Take British American Tobacco. Last year, it made profits of
    £2.6bn and paid £716m in corporation taxes. But none of that went
    into the Treasury’s coffers because BAT’s comparatively
    small business in the UK lost money.

But that logic also works in reverse: profits made by the UK
    subsidiaries of American, German or Japanese companies are taxed in
    Blighty. It is worth noting that overall UK corporation tax revenues
    have soared by close to 50 per cent in the past four years and are
    projected to hit £50bn in the current financial year. Clearly
    someone is paying tax.

So we might have this rather odd situation that, the largest 700 companies are paying very little UK corporation tax because they are paying foreign corporation taxes…while there are chunks of revenue coming from the foreign companies operations in the UK….it’s just that we don’t count them amongst the 700 because they’re not British.

There’s one more spanner in the works here, something which might (will?) have a much greater effect in the future. There’s an EU law (the Bolkestein Directive maybe?) about company taxation. Rather than where the economic activity takes place being the determinant of where profit taxes are paid, it’s where the head office of the SE (Societee Europeienne?…equal to a PLC) is based. Under this it would be entirely legal for BP, for example, to have the head office in Liechtenstein (yes, any EU or EEA country) and the only corporation tax would be that levied there. Or Estonia, where that on retained profits is zero.

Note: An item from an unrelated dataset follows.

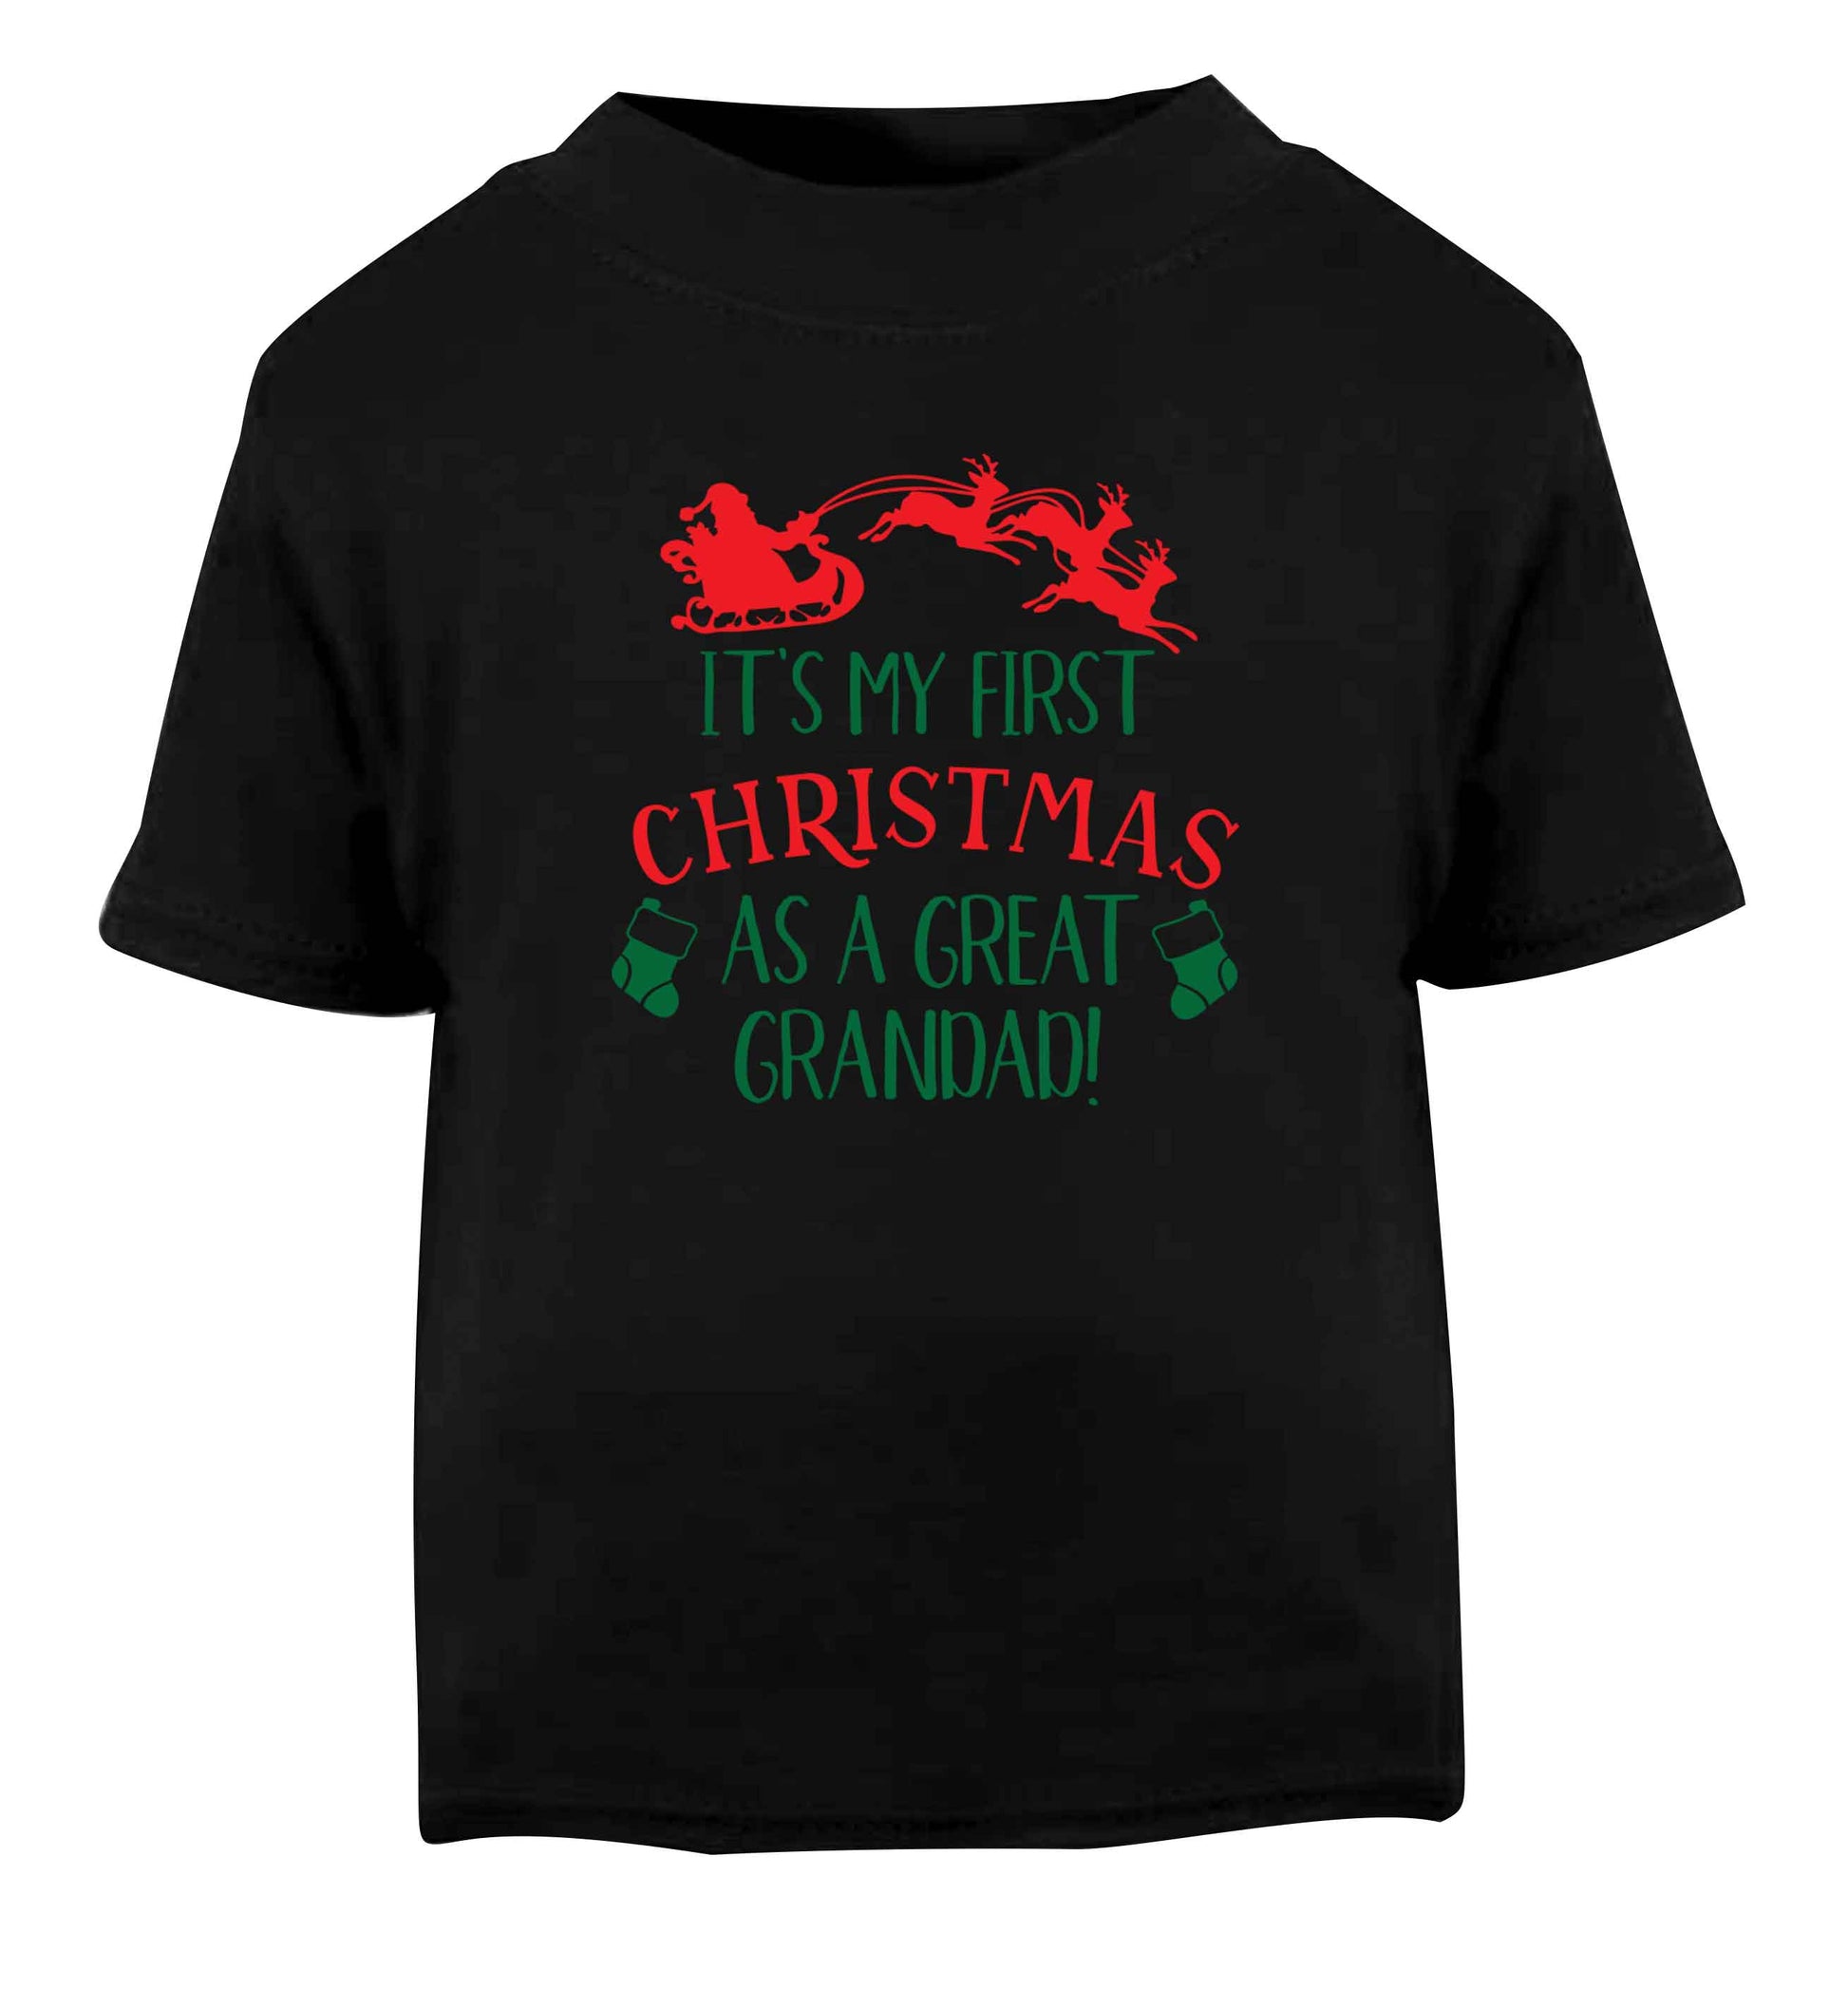 It's my first Christmas as a great grandad! Black Baby Toddler Tshirt 2 years

I’ve mentioned this before and I’m really not sure that directors who don’t move in order to take advantage of it might not be in breach of their fiduciary duty to shareholders. Being able to pay 0% corporation tax on all profits made in the EU certainly seems worth the cost of having board meetings and a brass plate in Tallinn.

In

3 responses

  1. UK law would require not just board meetings and head office to be in Liechtenstein, but actual command and control.
    In reality the people doing the commanding and controlling prefer to be in groovy London.
    Some of the European investment banks are in reality run from London but for domestic political reasons pretend to be run from their home cities. Would you rather be in Frankfurt or London?

  2. Well said, Guido.
    I have a client who came over from Frankfurt-Am-Main* to London to work for a large bank. After he’d done his one year stint he went back, but emailed me a few months later saying he was bored shitless and would like to come back to London.
    *I take it you mean FFM, not Frankfurt-an-der-Oder, a shithole on the German-Polish border?

  3. If only it were a French phrase. Instead it’s a horrid, mock Latin phrase, being short for “Societas Europaea”.
    Tax on SEs isn’t as simple as you state. In fact they haven’t agreed on how to tax the bloody things yet. I expect they’re pinning their hopes on the European Common Consolidated Tax Base talks. That would mean you’d tax the entity in each jurisdiction in which it has operations/administrative centres (but by divvying up the consolidated accounts somehow, not by looking at national legal entities as we do now). Currently I think they’re still taxed according to local legal entity.